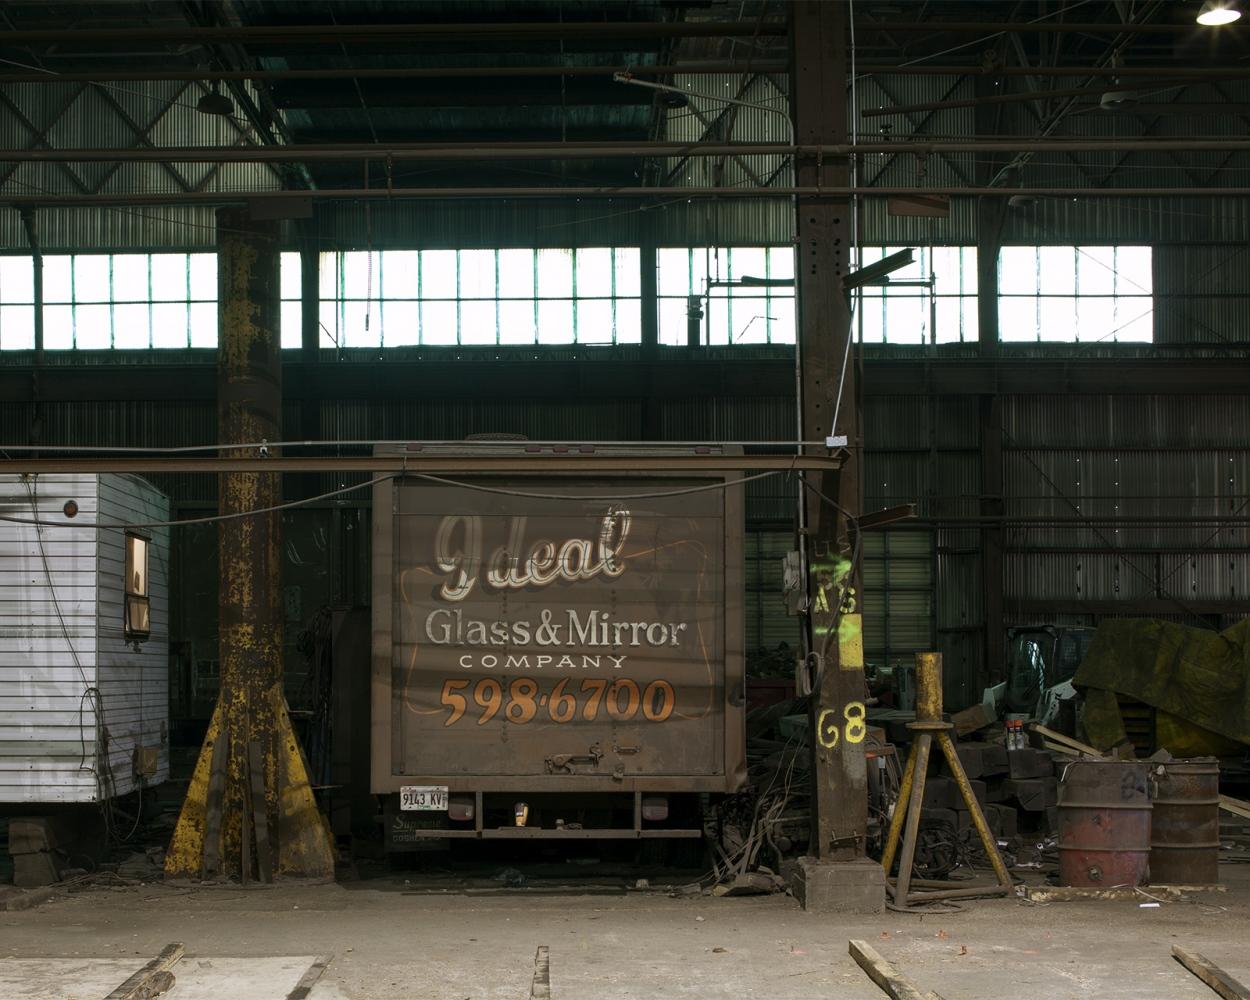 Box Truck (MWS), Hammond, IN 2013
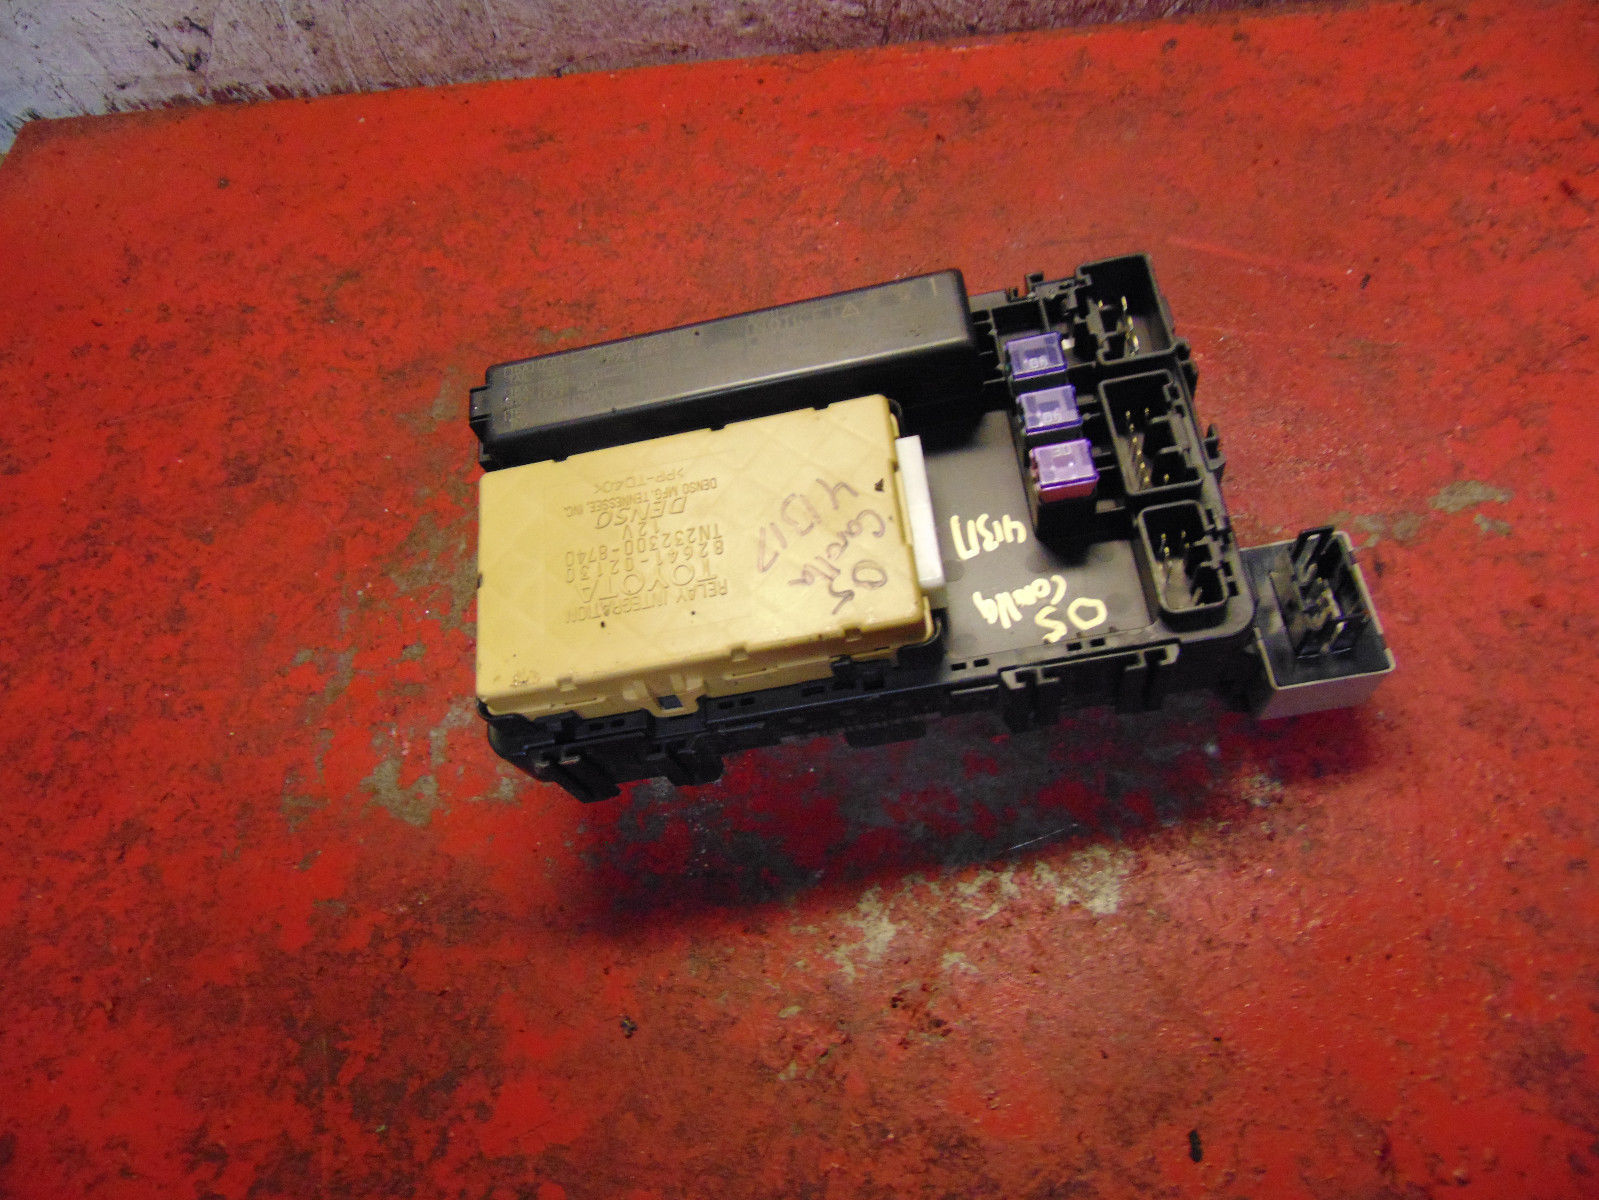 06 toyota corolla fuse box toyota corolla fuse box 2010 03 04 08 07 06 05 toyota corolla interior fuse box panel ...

* * *

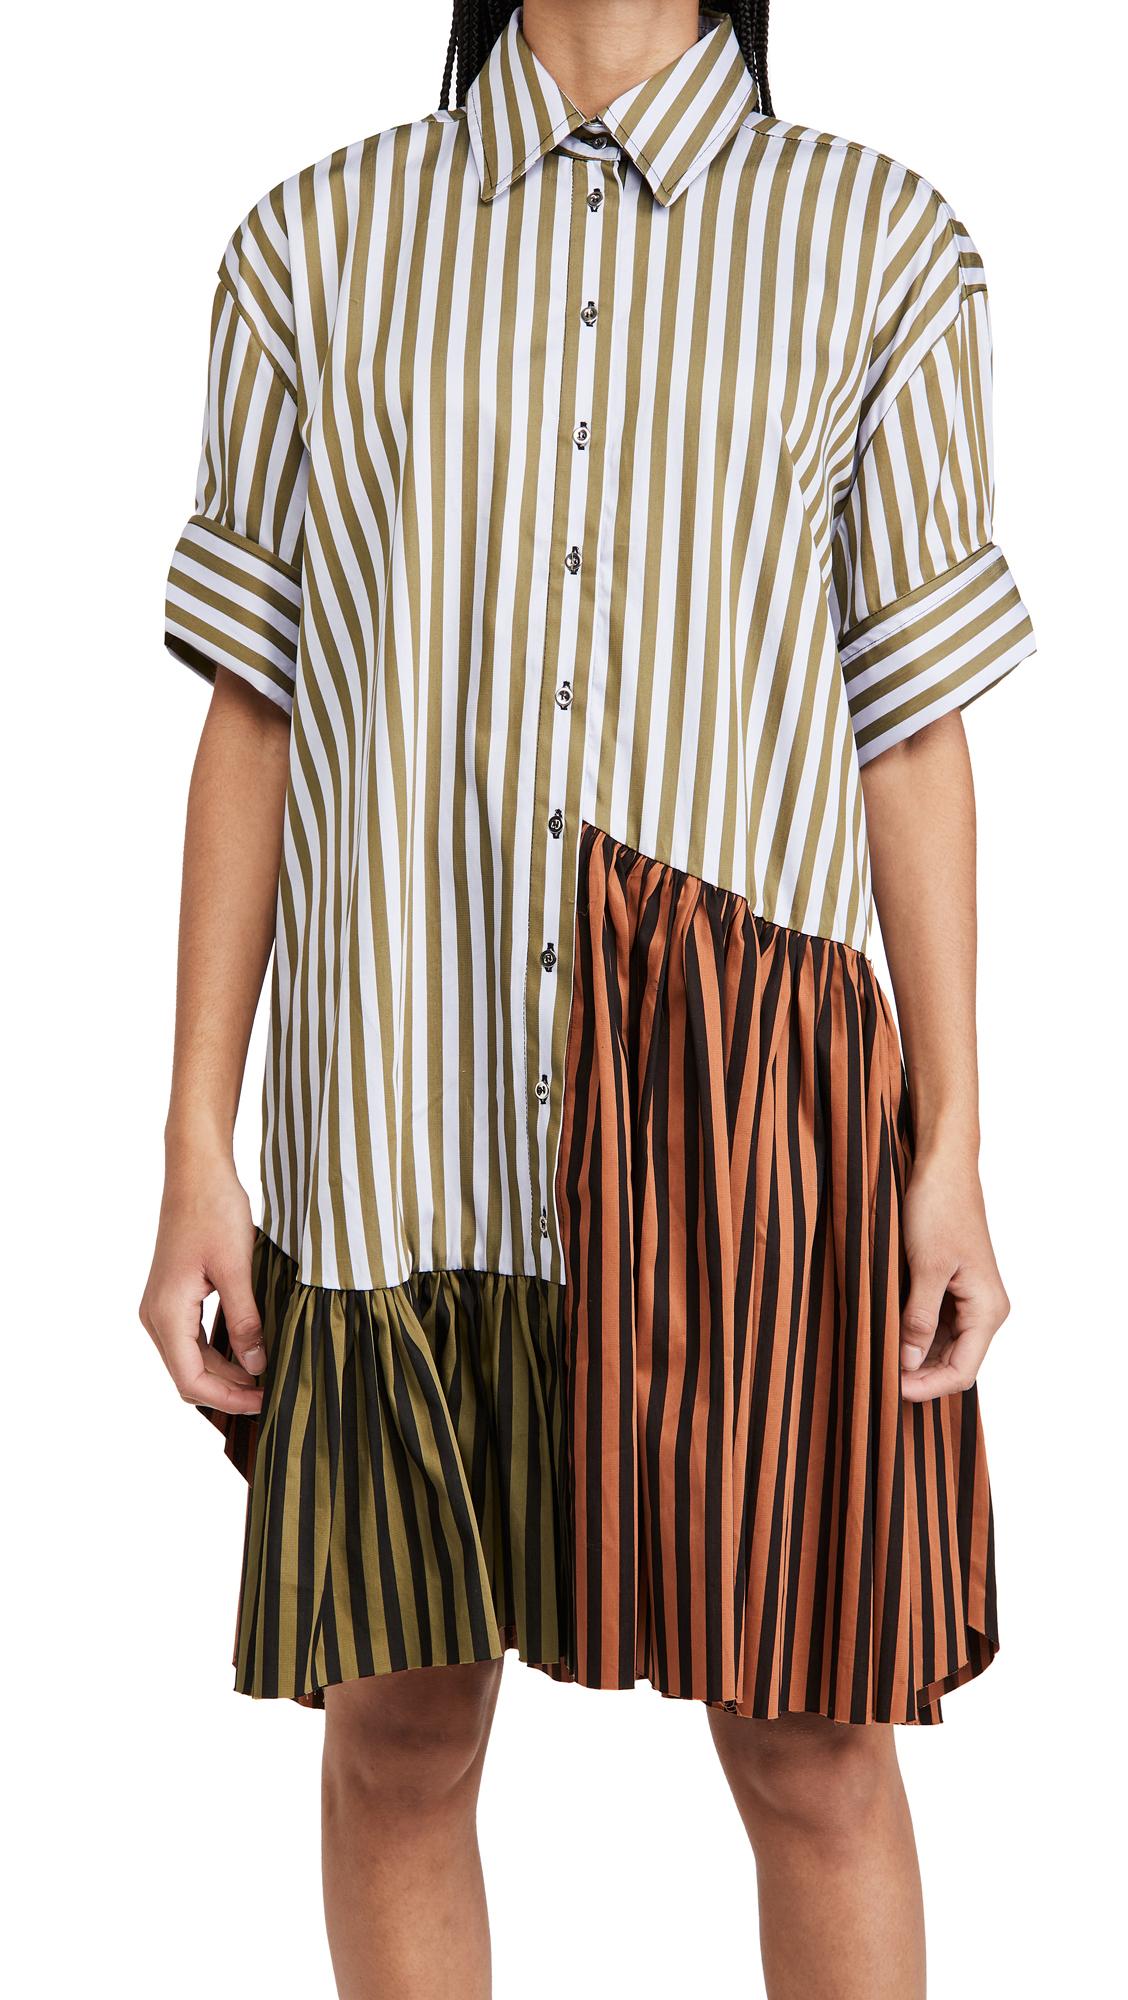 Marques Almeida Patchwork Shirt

- _WHAT YOU SHOULD DO_
A verbatim reproduction is expected: starting at the line above that has "Box Truck (MWS), Hammond, IN 2013", ending at the line that has "06 toyota corolla", both included, and with no pictures and no other lines.

- _YOUR SOLUTION_
 Box Truck (MWS), Hammond, IN 2013
 06 toyota corolla fuse box toyota corolla fuse box 2010 03 04 08 07 06 05 toyota corolla interior fuse box panel ...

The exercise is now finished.